I keep a donkey AND a llama with my Katahdins. The donkey and llama don't care much for each other, but each likes the sheep. When I wean, I put one with each group. When I've had just one or the other sometimes I've had a loss, but the two seem to be able to handle it. The only predators I have are lots of coyotes and some stray dogs (which are about worse). Guardian dogs are great, but I only have thirty acres and keeping the dog home is a problem. But the dogs I've had were not bonded to the sheep. They've still been good guards, but patrol the whole place (and the neighbor's places) and so I've had losses in my sheep. After a loss then the dog keeps a closer watch--but with the donkey and llama, no losses.

This is rather a long piece, but wanted to help someone out with what I've learned. If you don't have experience with horses, you might have problems with donkeys--donkeys are easier than horses (and smarter as much as it hurts me to say it), but still require some understanding. If you don't have horse experience, perhaps you could find someone to give you some lessons, or a book, to help you understand equine social behavior. I'm a horse person to start with and really enjoy the relationship I have with my donkeys.


----------



## Slev (Nov 29, 2003)

Betty,

I would suggest you do 2 things. 1) Go buy a little pet dog for you to treat as a pet. 2) Contact the American Sheep Institute, (ASI) and ask them that question. When I asked, they said it somewhat depended on what they were being guarded against, and overall, a dog was the best bet, various breeds for different threats... Good Luck...


----------



## ErikaMay (Feb 28, 2013)

So far I have luck with a LGP: livestock guardian pig. Probably won't work for everyone. she does like the sheep and waits for them to come into the pasture in the morning so she can graze with them. I'm looking into getting something more dependable, though shes done a good job so far.


----------



## angelspeeper (Sep 6, 2012)

I don't want to discourage you but with the predators you listed, a donkey and llama are both out! Those are serious predators and you need serious protection or your gonna find yourself heartbroken when you find your sheep dead. Because as I found out the hard way, it WILL be your favorite one. 

I just had our donkey get killed by a mountain lion just last week. (That cat did me a favor, the donkey wouldn't even run the coyote off). So now I'm in the market for a couple of GOOD LGDs!!!!! And I said a couple, not just one. With those kinds of predators, They will need the help of a "pack" (2 or more) to gang up on the predator.


----------



## paradox (Nov 19, 2012)

YuccaFlatsRanch said:


> Not all of anything will do its job.


This is true. You hear horror stories about any type of guardian. Think about it: "And the donkey killed 4 of my sheep" is a much more interesting story than "All my sheep were fine this morning." So you only hear the bad stories. 

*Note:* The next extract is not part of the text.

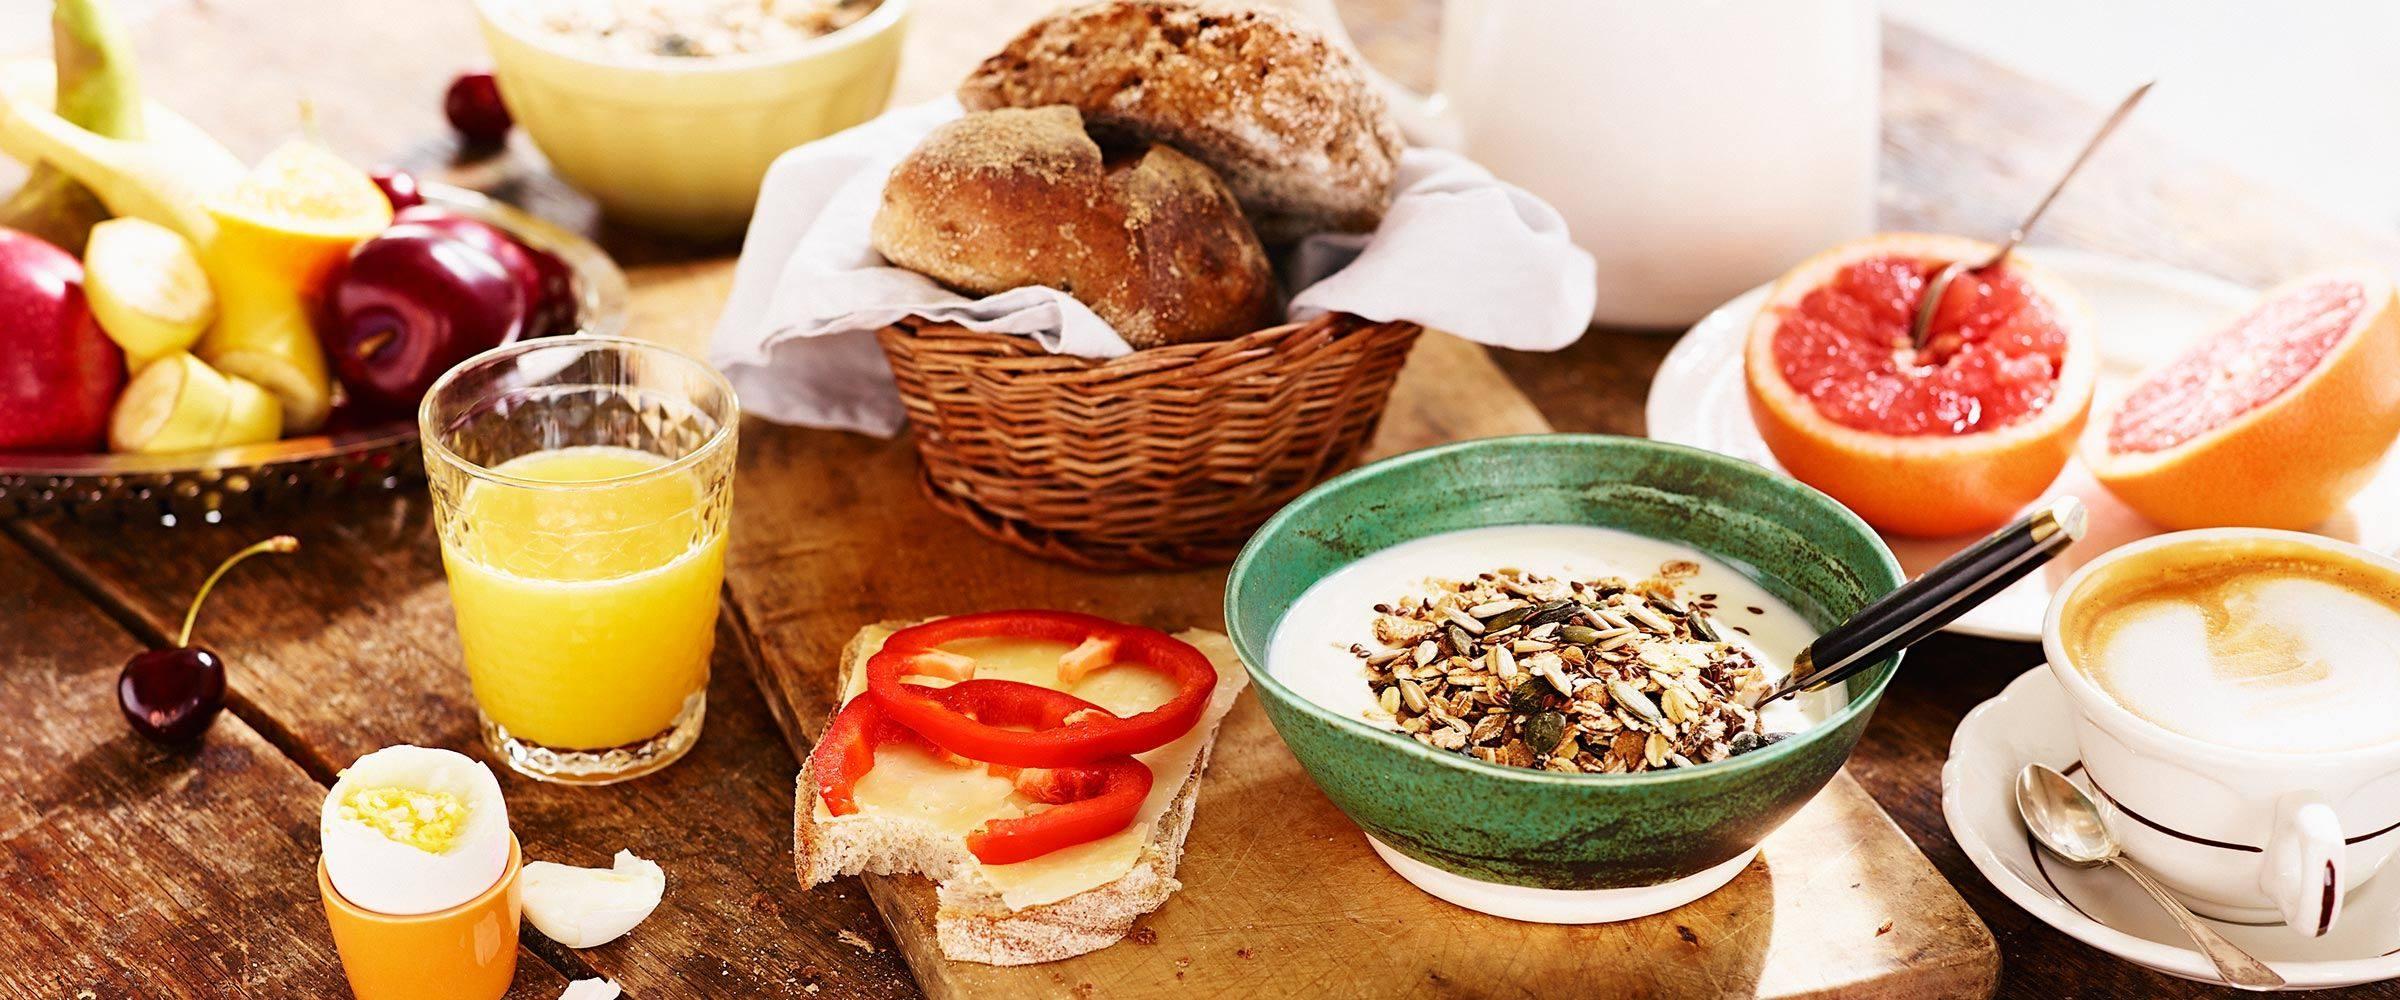 Uppdukad frukost med apelsinjuice, fil, frukt och smörgås.
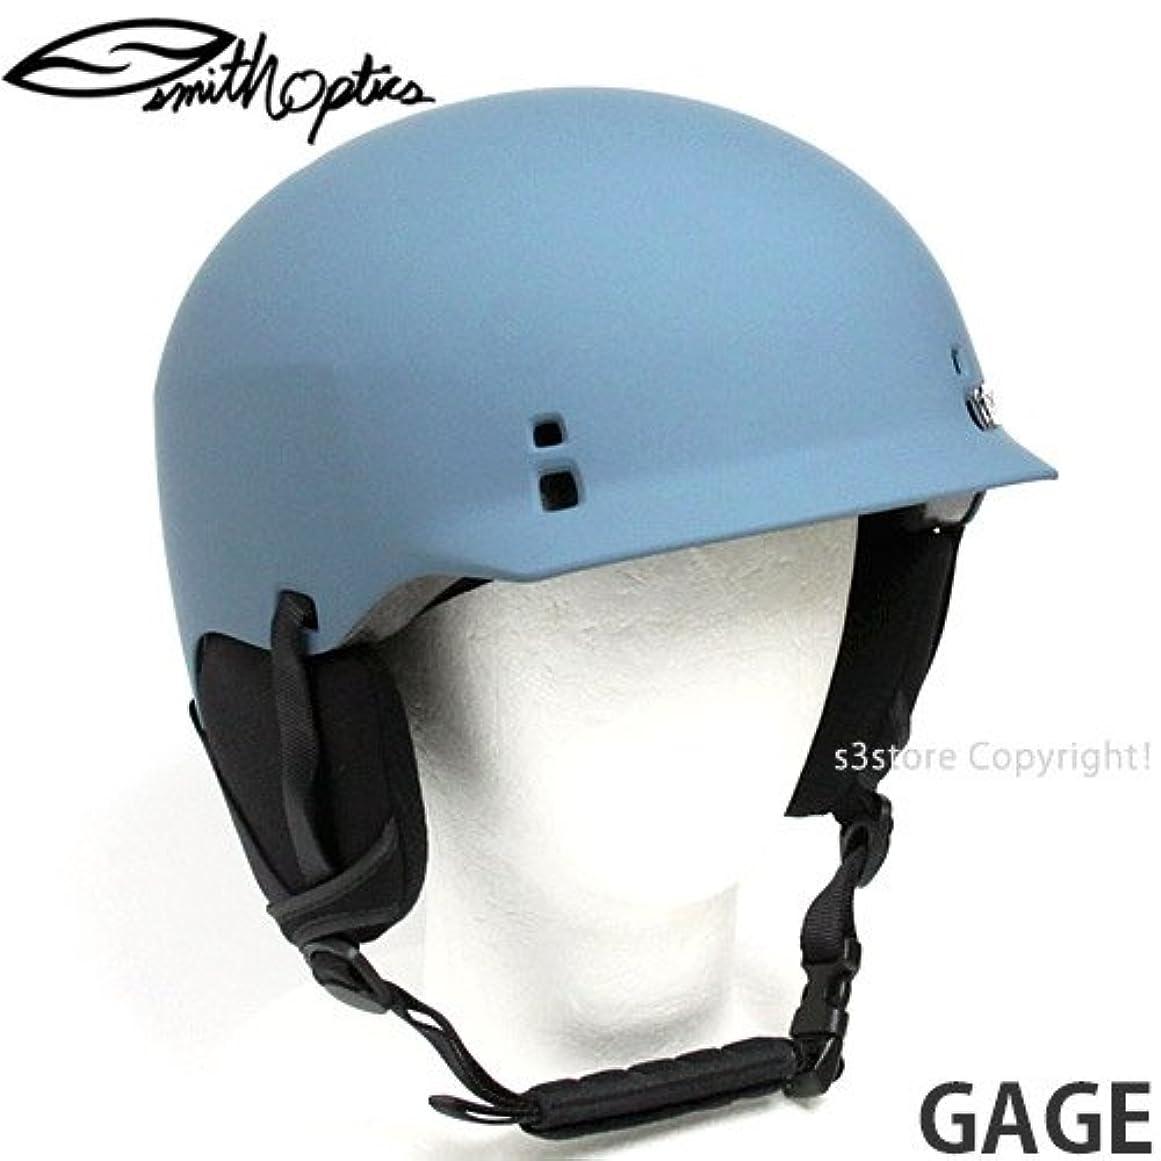 含意したがって談話SMITH(スミス) ヘルメット GAGE / スノーボード 自転車 プロテクター [並行輸入品]

I don't have sheep but I know many many people use donkeys for protection. You are on the right track by asking the question on forums. Surely you will find folks with experiences other than the bad ones that seem to float around more easily.


----------



## Bret4207 (May 31, 2008)

quailkeeper said:


> Wow, I checked the link given above and they want $800 for pet quality pups!!



I lost at least 40 lambs last year. Actually I think it was closer to 50 if you add the ewes I lost in. That's at least $4K loss for me. Each lamb will bring at least $100.00 at sale and I've had them go as high as $245.00. Think about it and see if those prices are really so outrageous if the dogs protect the sheep. The dog should live for at least 10 years, that's $80.00 a year vs $4K loss in this case. Think about it. Buy a quality animal that comes from a line of instinctive LGDs or take your chances on a donk or llama or dog from not such great lines for 1/4 to half that.


----------



## grandma12703 (Jan 13, 2011)

We have had two pyranees. Both were good guard dogs, however the one we have now is amazing. We got him for $50.00 from a lady that raises them and had them at a small animal auction and they could not sell dogs so she offered them outside for $50.00. They had been raised so far with goats on the lady's farm. I wish we would have gotten two. 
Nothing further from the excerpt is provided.